I have paired-end reads (gene-regions-exons) that contains 200 individuals and I want to include all the sample names in the read group. I have a text file in a single column and tried to include the readgroup when aligning
file=($(cat samples.txt))
bwa mem -M -R "@RG\tID:Library1\tSM:$file\tPL:Illumina\tLB:lib_2x250\tDS:hg19" hg19.ref R1.fastq.gz R2.fastq.gz > file.sam
But it doesn't work, the sam file generated includes only the last sample from the file samples.txt
.
Also, once the bam files have been generated, is it possible to split the files based on individuals?
Thank you... I understand the iteration part of it but I did not get the point: "(presumably you have path information in the samples.txt file)."
So, what I have is only one library of pooled samples that contain both cases and controls (200 in total). The sample list is only the ID names in one column. I wanted to add all the 200 names into the bam header and then separate the bams based on cases and controls.

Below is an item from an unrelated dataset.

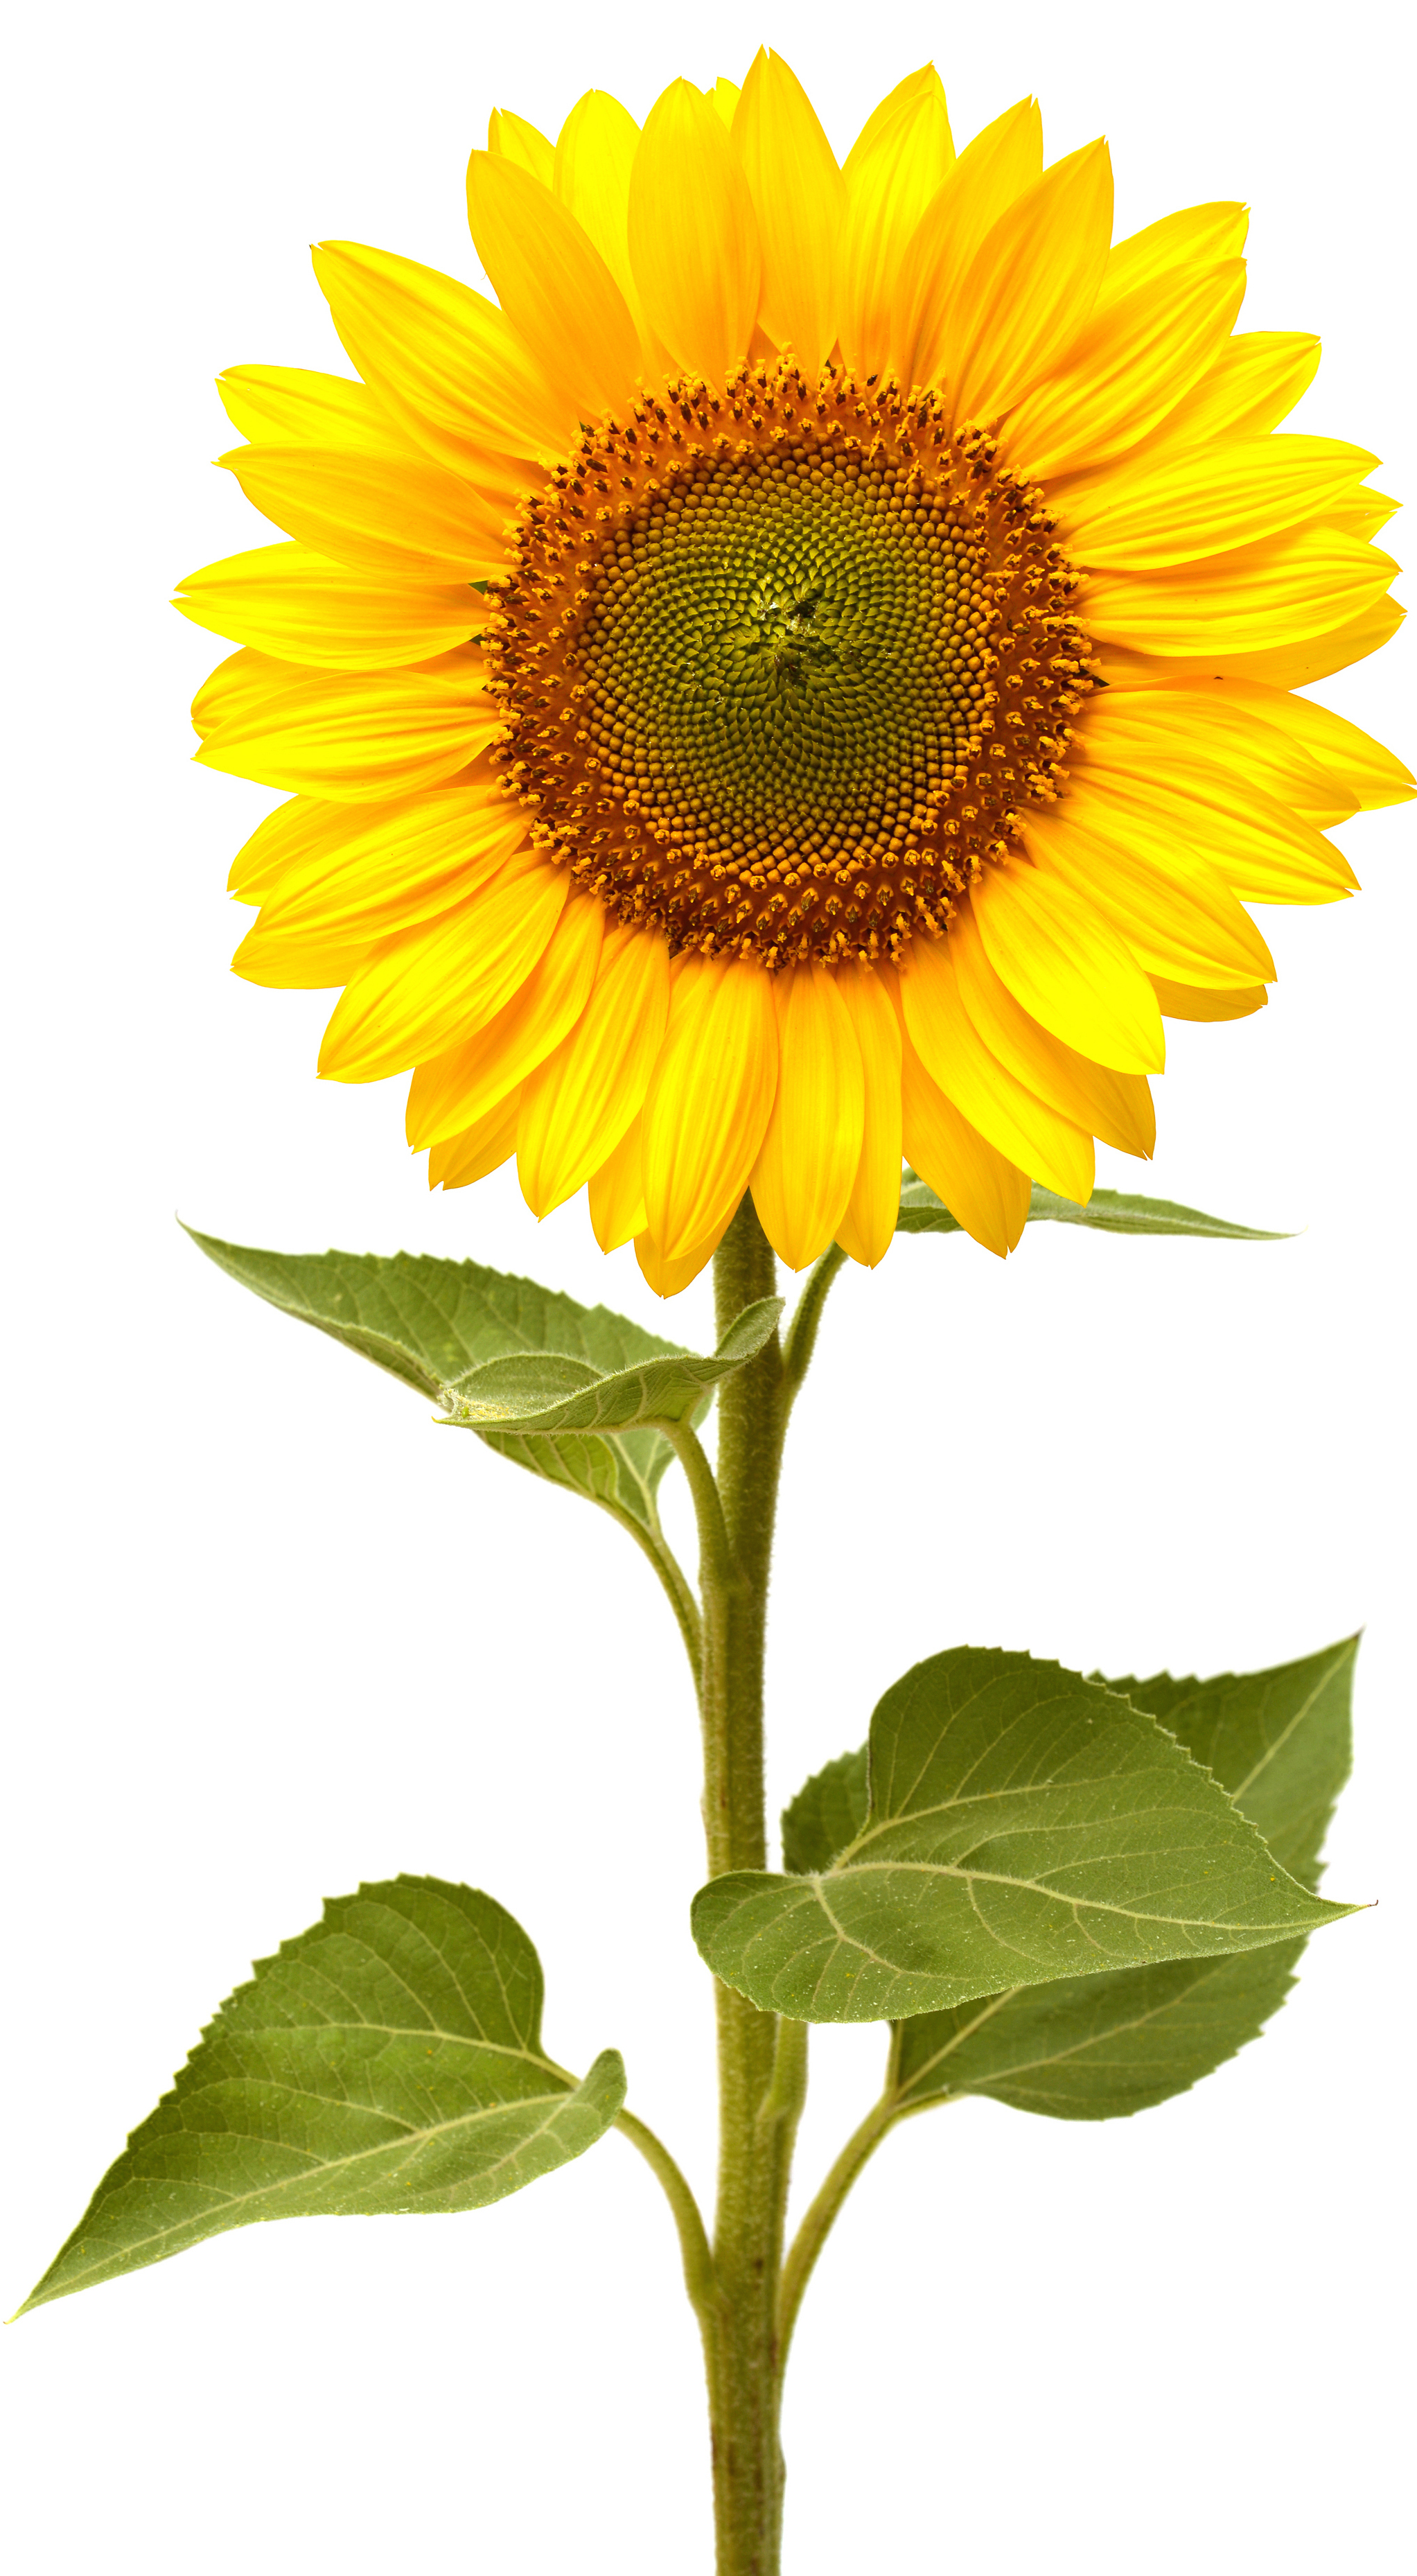 HQ Sunflower Wallpapers | File 7227.44Kb

Ah, I had presumed that you had multiple individual samples, not a bunch whose names you wanted to concatenate. Then either make an $RG variable to which you just append each line in the while loop (and then put bwa outside of the loop) or, better yet, just linearize samples.txt:
You could also comma separate things, if you prefer with
RG=`cat samples.txt | tr "\n" ","`
.Thanks but now it ends up adding everything in just one line several times:
What I intended was
this is useful... many thanks Devon!